An is a bounded sequence which converges to 0.
An>0 for every n.
prove that in this sequence we have a maximal member
??

again its obvious because if a sequence is descending and it converges from a positive number
to 0.
so 0 is the larger lower bound
and our first member must be the larger

how to transform it to math?

flyingsquirrel · #2 $Old$ 12-02-2008, 10:55 AM

Hi,

Quote:

Originally Posted by transgalactic $View Post$

and our first member must be the larger

A sequence which is convergent and bounded can be non decreasing. For example the maximal member of $(A_n)=\left(\mathrm{e}^{-(n-10)^2}\right)_{n\in\mathbb{N}}$ is $A_{10}=\mathrm{e}^{-(10-10)^2}=1>A_0$ ...

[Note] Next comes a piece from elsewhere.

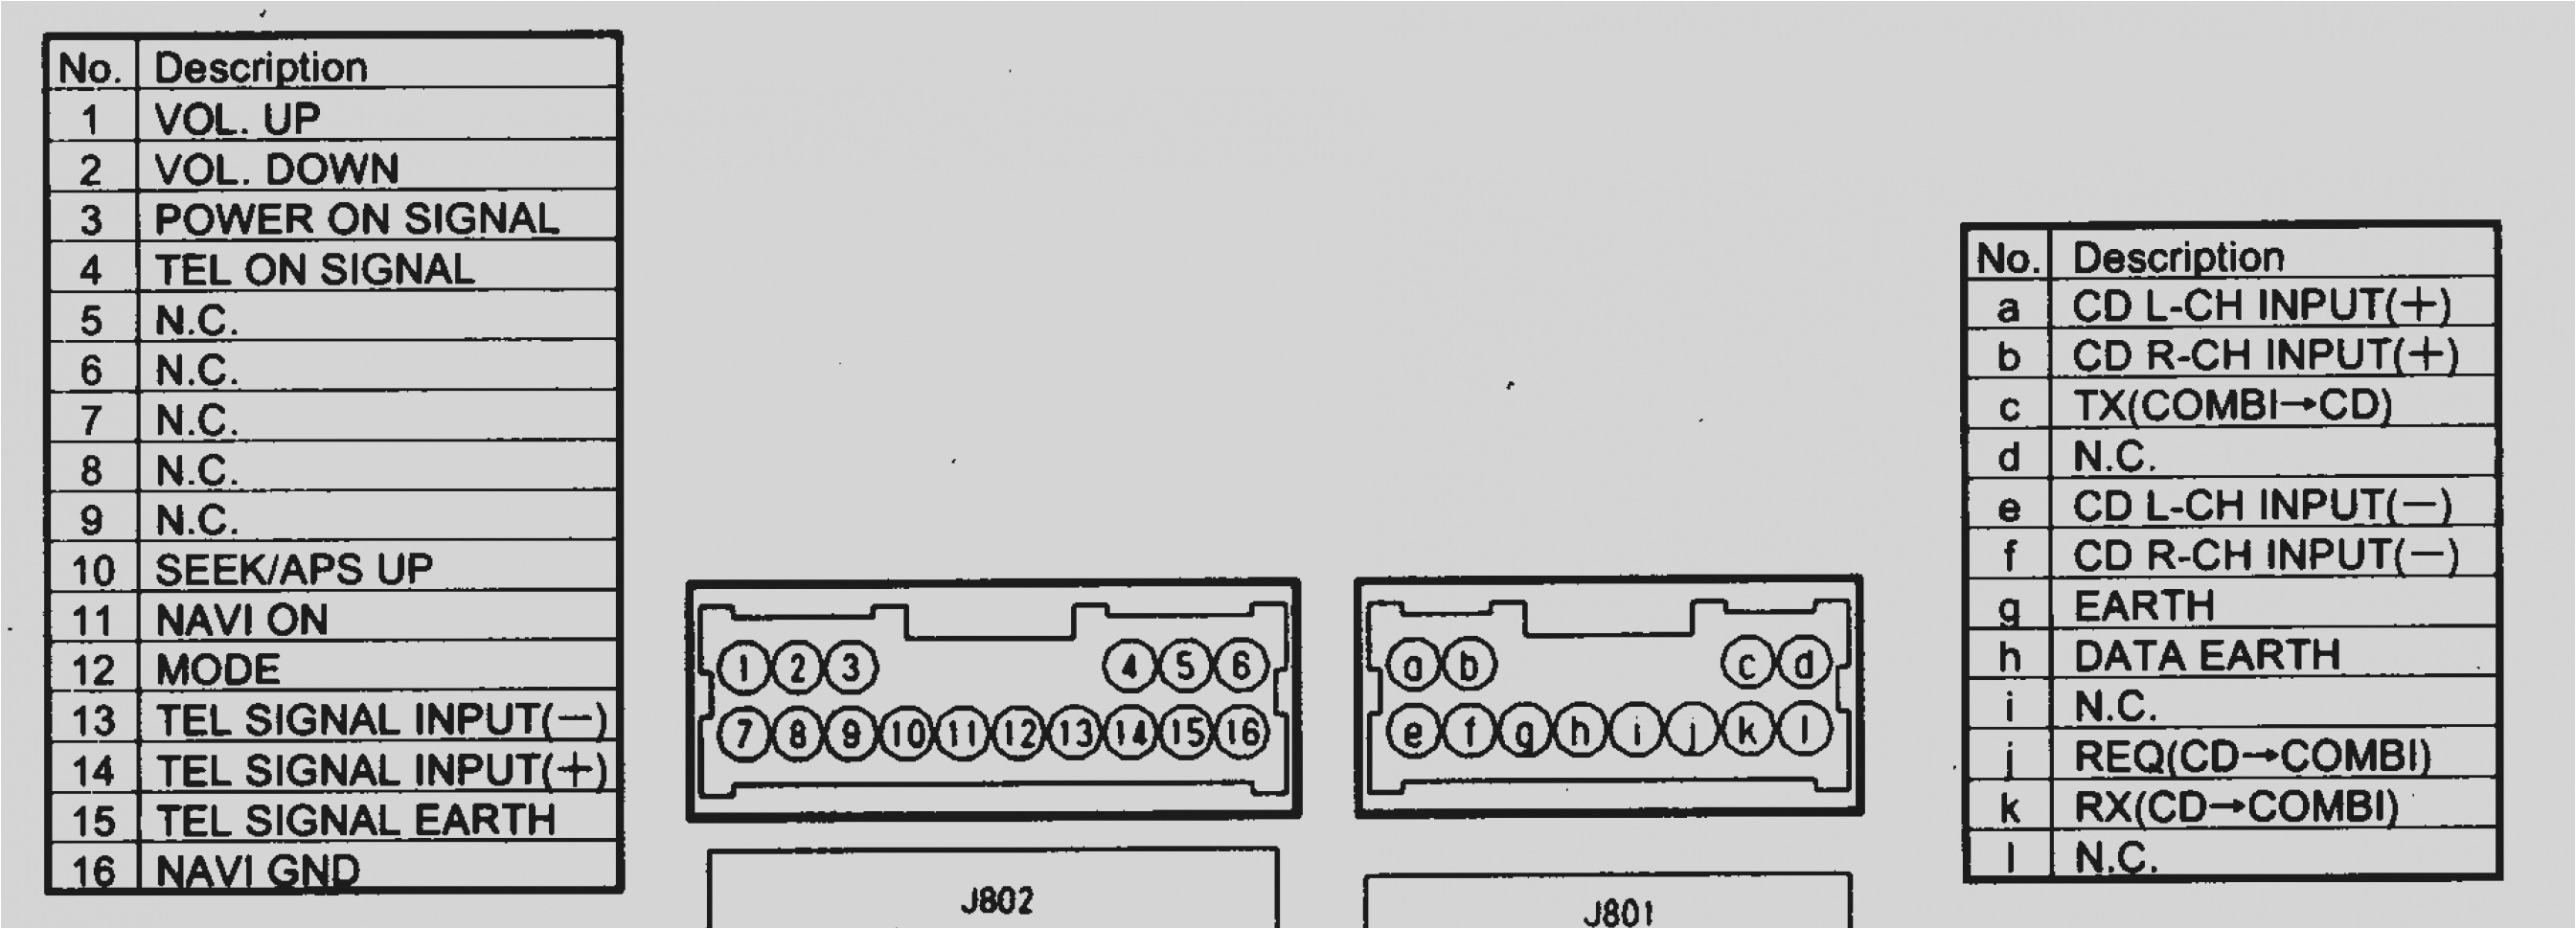 nissan radio wiring harness diagram wiring diagram blog nissan wire harness diagram source 2001 nissan frontier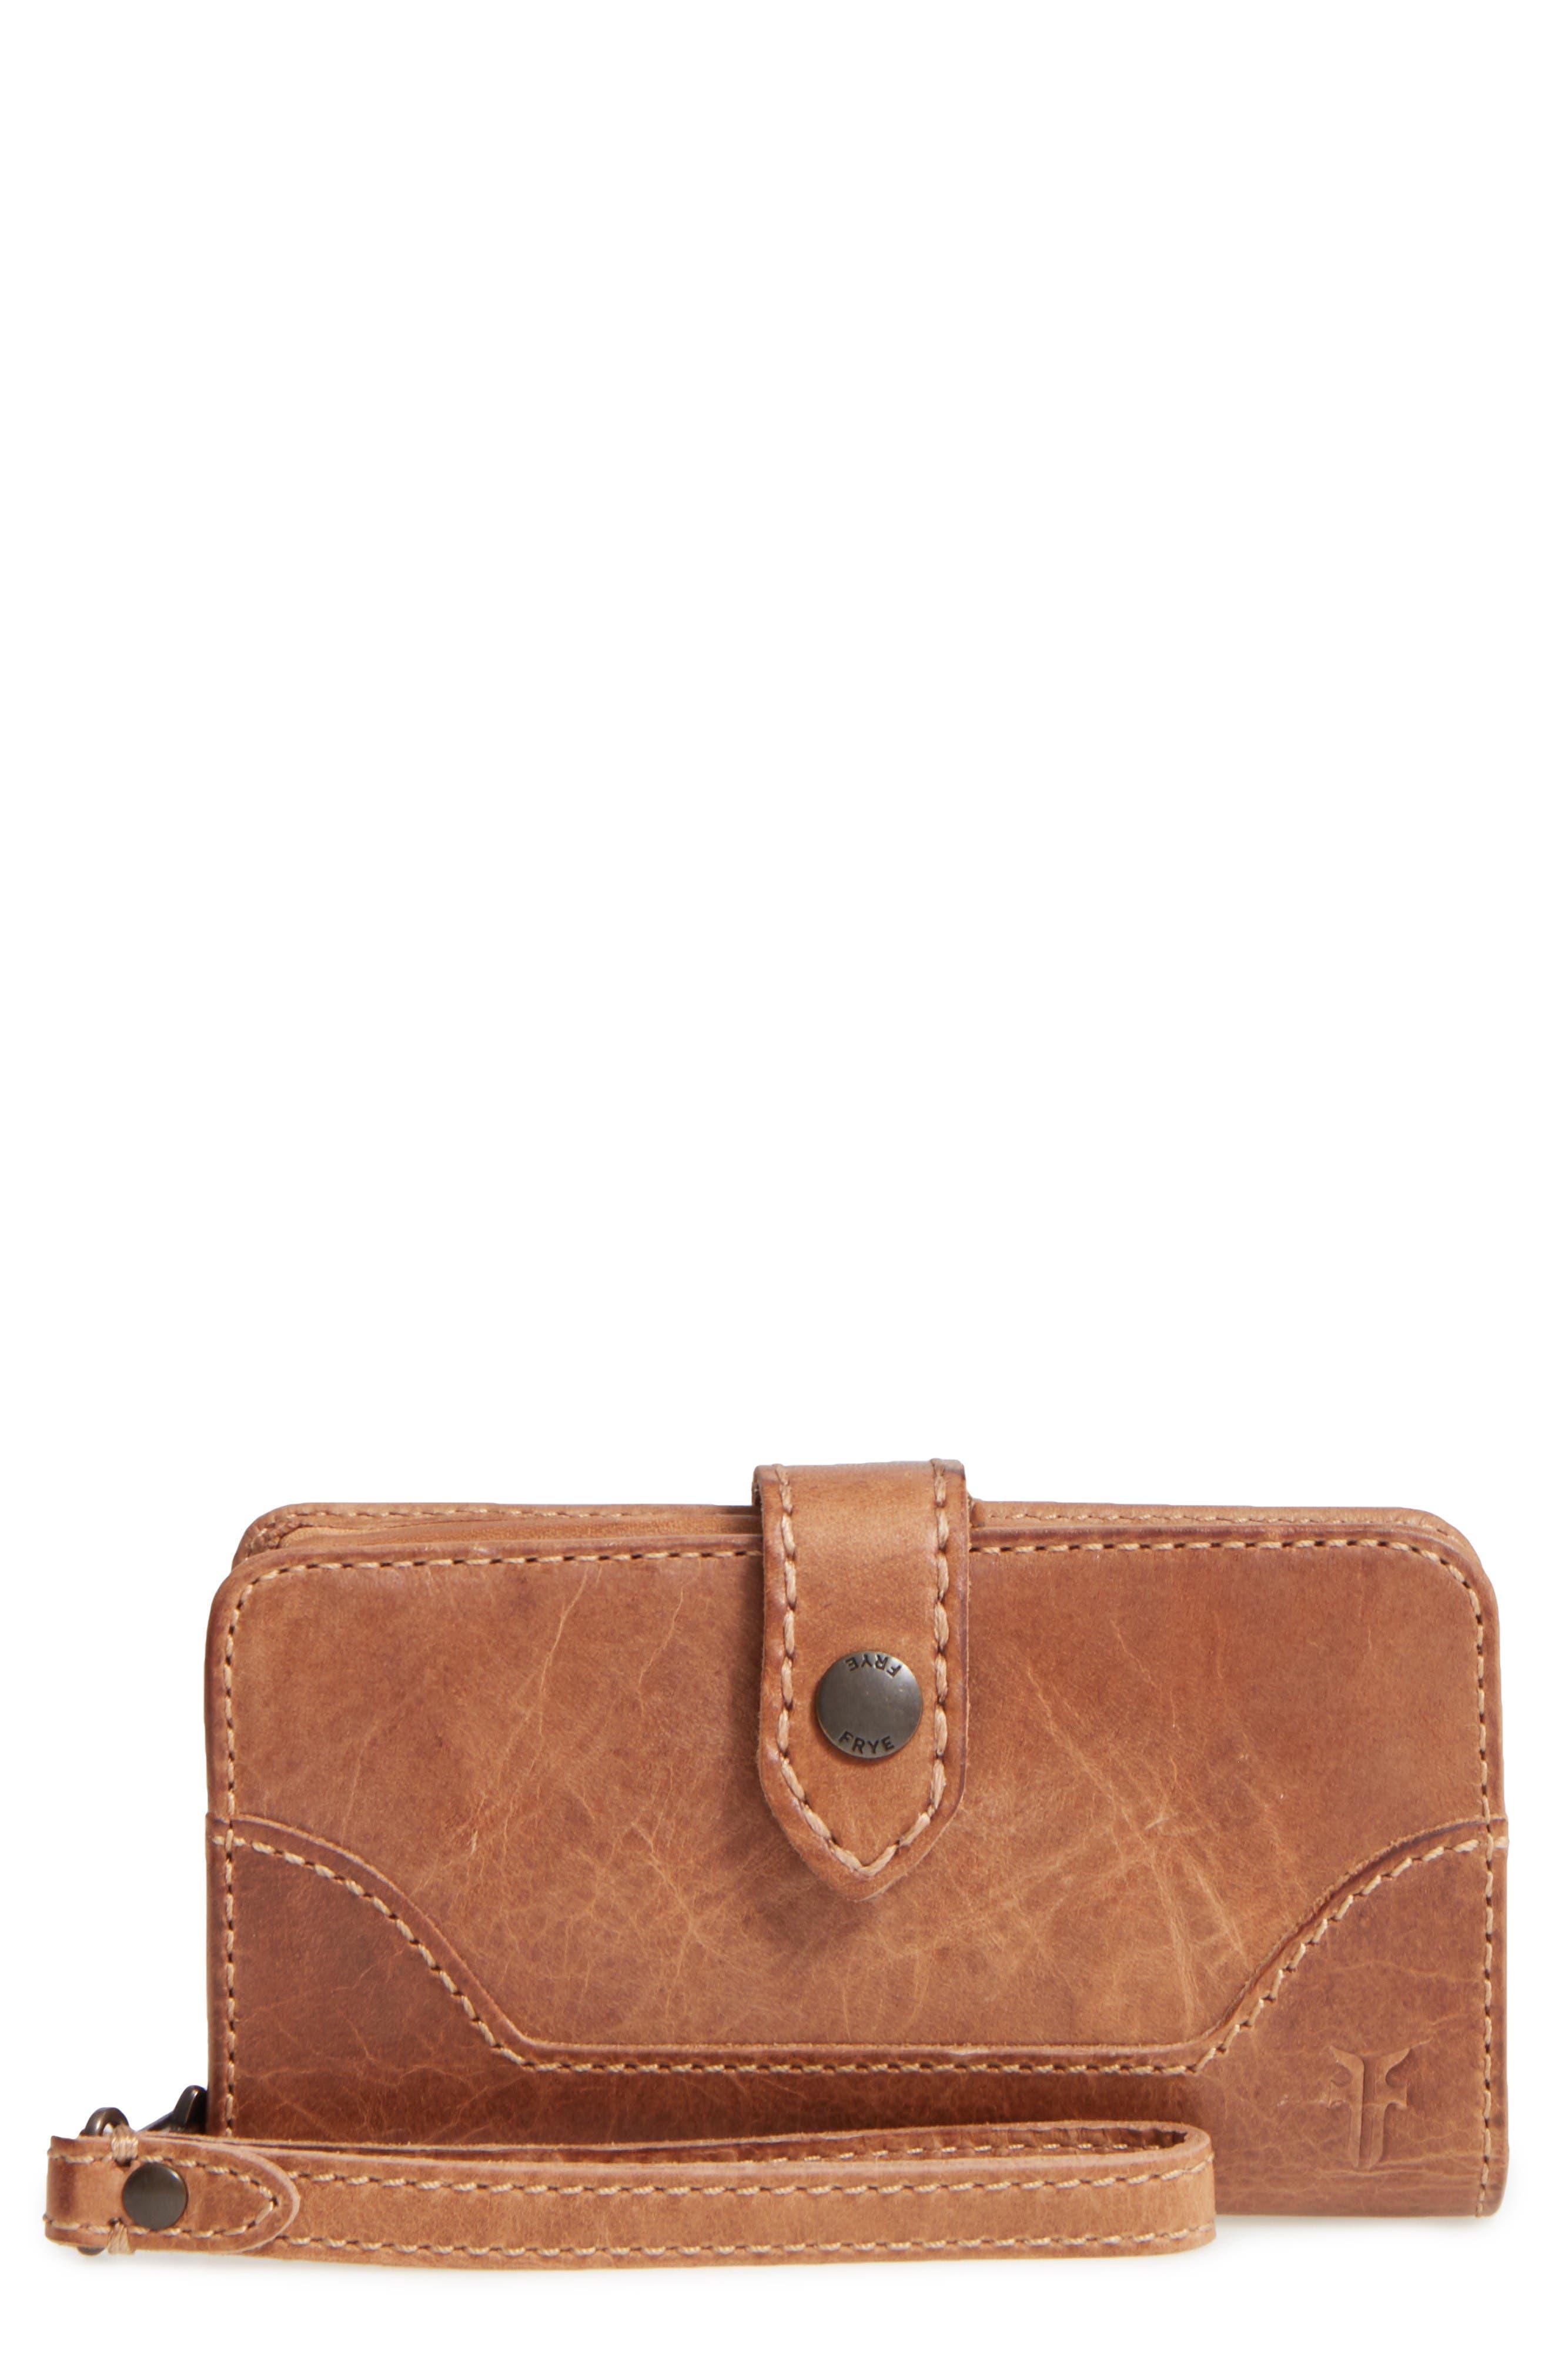 'Melissa' Leather Phone Wallet,                             Main thumbnail 1, color,                             Beige

Plato · #3 $Old$ 12-02-2008, 11:09 AM

If $A_n$ has no maximal term then $\left( {\exists N_1 } \right)\left[ 0<{A_1 < A_{N_1 } } \right]$ .
Moreover, $\left( {K > 1} \right)\left( {\exists N_k } \right)\left[ {A_{N_{K - 1} } < A_{N_k } } \right]$ .
That simply means that the sub sequence $\left(A_{N_n}\right)$ cannot converge to $0$ .
That is a contradiction.